1.1. Qu’est-ce qu’une image « urbaine » ?

Loin des clichés du folklore régional ou des musiques « traditionnelle », associées à tort ou à raison au monde rural, les interprètes de la scène française contemporaine entretiennent une image d’urbain. Toutes les formes de productions visuelles – officielles ou relevant de la sphère prétendument privée – photographies, visuels des pochettes de disque, clips qui accompagnent les titres, mettent en scène les interprètes à travers des codes que l’on peut qualifier d’urbains. Ceux-ci les associent non seulement à la ville, mais à la « grande ville », une métropole régionale, la capitale voire une ville-monde. Dutronc et Gainsbourg cultivent dès leurs débuts l’héritage du Saint-Germain-des-Prés des années cinquante, dans lequel bouillonnait la vie nocturne. La chemise et le costume sont portés avec plus ou moins de négligence mais toujours en référence à des codes vestimentaires identifiés. De la même manière mais dans un autre registre, Renaud en gavroche, pantalon de cuir et veste en jean puis blouson noir sur ses trois premiers albums soigne particulièrement son identification aux quartiers populaires (Copans, 2014).

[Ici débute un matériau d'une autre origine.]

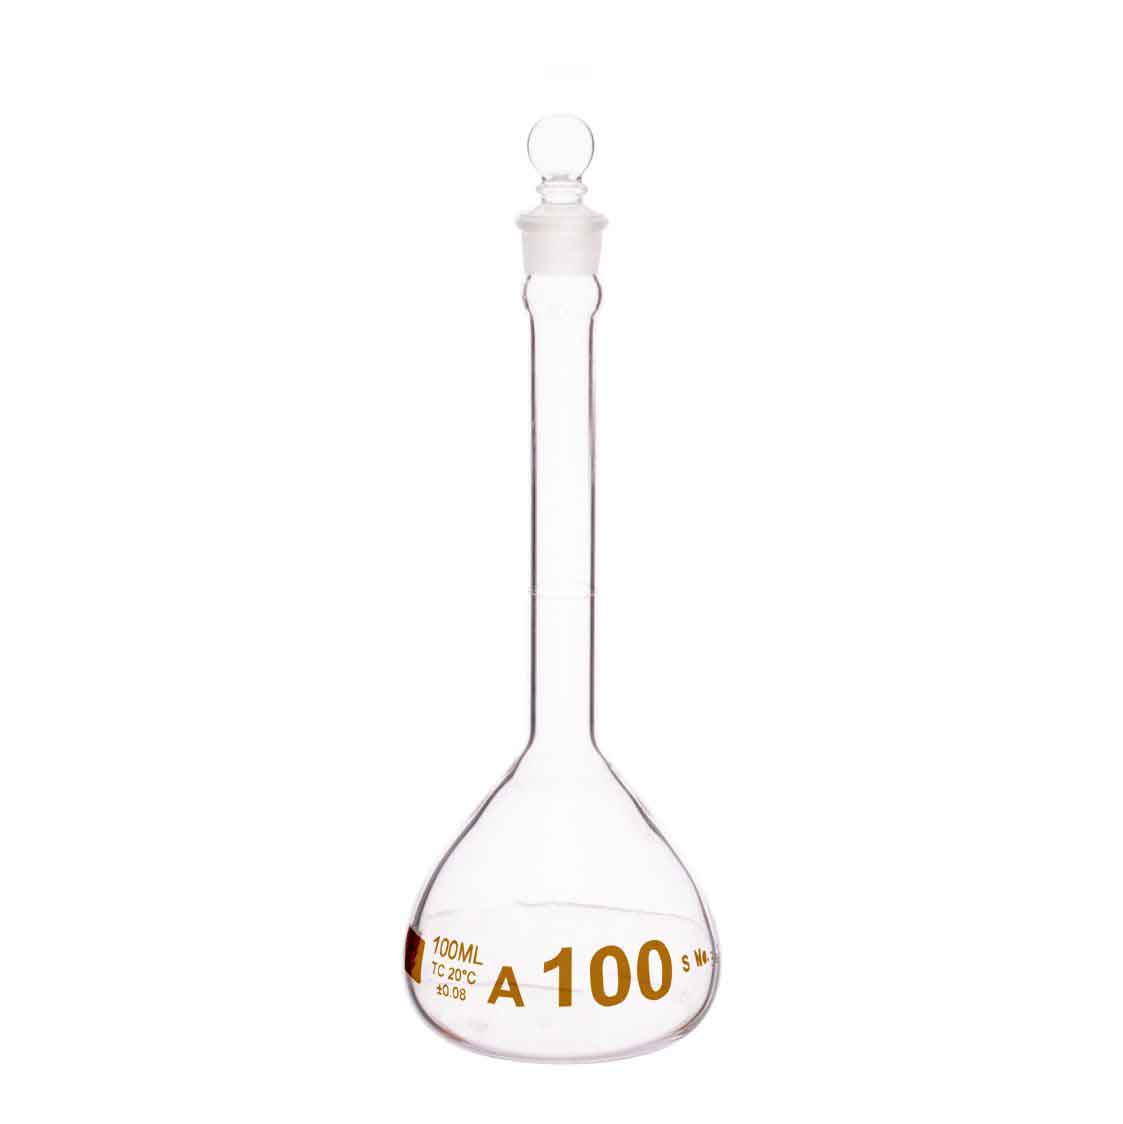 Borosilicate Glass ASTM Volumetric Flask with Glass Stopper, 500

GCM adopte sur ses deux premiers albums un style « urban », conforme aux quartiers dont il se veut porte-parole et au public auquel il s’adresse ; tee-shirt, jean, veste zippée, baskets.
A partir de ces codes visuels, les interprètes s’inscrivent spontanément dans un registre urbain, qui se construit, aussi et surtout, autour d’une identité sonore.

1.2. Un son « urbain »

Du point de vue acoustique, la musique traduit l’appartenance aux territoires urbains à travers trois dimensions : le genre musical, les accents de l’interprétation et la langue utilisée.
Les territoires tels qu’ils apparaissent en filigrane à travers notre sélection traduisent une appartenance assez large aux cultures urbaines, sans qu’on puisse les ranger dans le cadre étroit des « musiques urbaines » (rap, hip hop). Néanmoins, la chanson française contemporaine se décline dans des sous-ensembles incluant le blues ou le jazz pour Nougaro, le pop rock et même le bal musette pour Renaud, le rock festif alternatif pour Mano Negra ou les Ogres de Barback, le reggae ou le ragga pour Zebda et Massilia Sound System, une forme de rap pour les Fabulous Trobadors, le slam pour Grand Corps Malade. Cet éventail de styles, loin d’être exhaustif, s’apparente aux territoires qui sont ceux de la production culturelle, à savoir les territoires urbains. Quelques mesures suffisent pour les assimiler musicalement à des cultures urbaines.

Certains ajoutent un fond sonore directement puisé dans les bruits de la ville, fragments du paysage sonore (Shaffer, 1977), pour inscrire davantage le processus de production dans l’ambiance même de la ville ; Mano Negra pour une atmosphère de bistrot dans « Paris la nuit » (King of Bongo, 1991) ou GCM dans « Saint Denis » (Midi 20, 2006).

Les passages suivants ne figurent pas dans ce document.